Recommendations: Since the criticized practices are deeply entrenched, these recommendations focus primarily on placing inferential procedures in context and emphasizing other aspects of drawing conclusions and reporting them. The following recommendations pertain to both significance tests and CIs.
- Follow ICMJE and ASA guidance on use of inferential procedures
- Avoid emphasizing binary conclusions.
- Prefer confidence intervals or other interval estimates over P-values.
- Don’t conclude absence of an effect when it is not “significant” (e.g., “stable” for slope not significantly different from 0), unless the conclusion also appeals to adequate statistical power or other justification.
- It is acceptable to report both a CI and a P-value. If only 1 is reported,
favor the CI. Not every method admits an interpretable CI, such as Fisher
and Pearson tests for contingency tables.
- When reporting both a CI and a significance test result, it is acceptable to state whether or not the test is statistically significant at a specified level. It is better to report both the CI and P-value.
- Ensure that the interpretation of a P-value or CI is correct. Both the
P-value and the CI are calculated based on a specific dataset and can
therefore be interpreted as characterizing results from data relative to a
hypothesis—whether the observed data are compatible with that hypothesis—not
whether a given hypothesis is supported, proven, or disproven.
- In general practice, a significance test result that is negative may not be interpreted as indicating the absence of a meaningful effect. For example, a slope parameter that is not statistically significantly different from 0 may not be interpreted as indicating being constant, flat, or stable, unless additional assumptions or analyses are presented to support the stronger claim.
- A test or a CI for a comparison should be applied directly to the comparison itself, such as a difference or ratio.
- Appeals to overlapping or nonoverlapping CIs should be reserved for exceedingly rare cases where they are the only option.
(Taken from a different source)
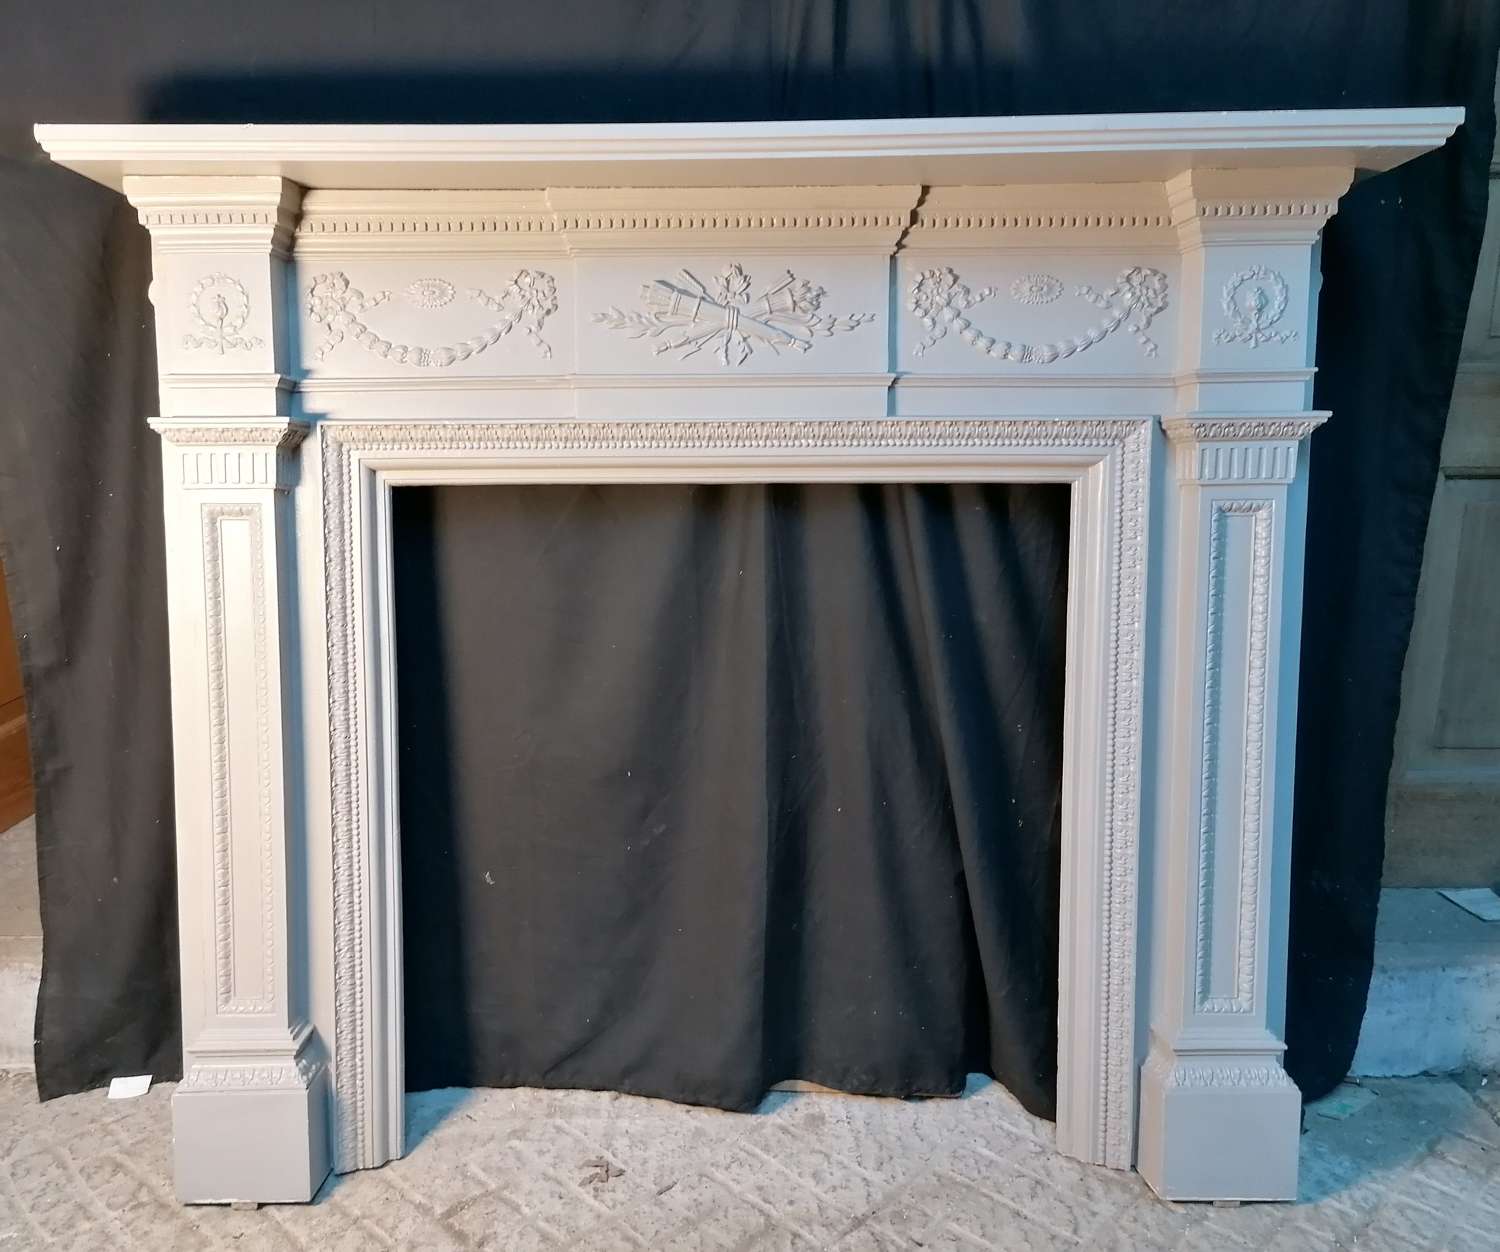 FS0135 A VERY LARGE RECLAIMED ANTIQUE PAINTED CAST IRON FIRE SURROUND

- When a report includes a large number of significance test results or CIs, address the potential for spurious significance, sometimes called P-hacking. As with other inferential procedures, multiple simultaneous procedures should be interpreted for both their public health significance and in the context of statistical variability and potential bias.
Recommendations specific to significance testing: The following recommendations pertain to significance testing and P-values.
- Mention the testing procedure by its correct, unambiguous name on the first
occurrence of a P-value from that procedure.
- Since there are several chi-squared tests, ensure that tests for independence or homogeneity specify “Pearson” or “Pearson’s”, as in “Pearson’s chi-squared test” (both of which are preferable to “Pearson’s X2 [or 𝜒2] test”).
- A P-value should typically be reported to 2 significant digits unless its
value is less than 0.001. Specifically, for P > 0.10, report no more than
2 decimal places, and for P strictly between 0.001 and 0.10, report no
more than 3 decimal places unless a result is meant to support adjustment
for simultaneous inferences.
- Never report only “P < 0.05” for a specific text result.
- Never report merely that a result was “nonsignificant” (nor “NS”); always report a P-value or the intended test size.
- If a result is described as statistically significant or nonsignificant, then state the size of the test, also known as type 1 error probability or “alpha”. In MMWR reports, 0.05 is the most common. For example, “X has a P-value of 0.03, which is statistically significantly different from 0 at the 0.05 level.”
- Any test that is not 2-sided or 2-tailed should be explicitly described and justified. It is conventional to halve the significance level for 1-tailed tests (e.g., 0.025 when the 2-tailed test would be at 0.05 significance).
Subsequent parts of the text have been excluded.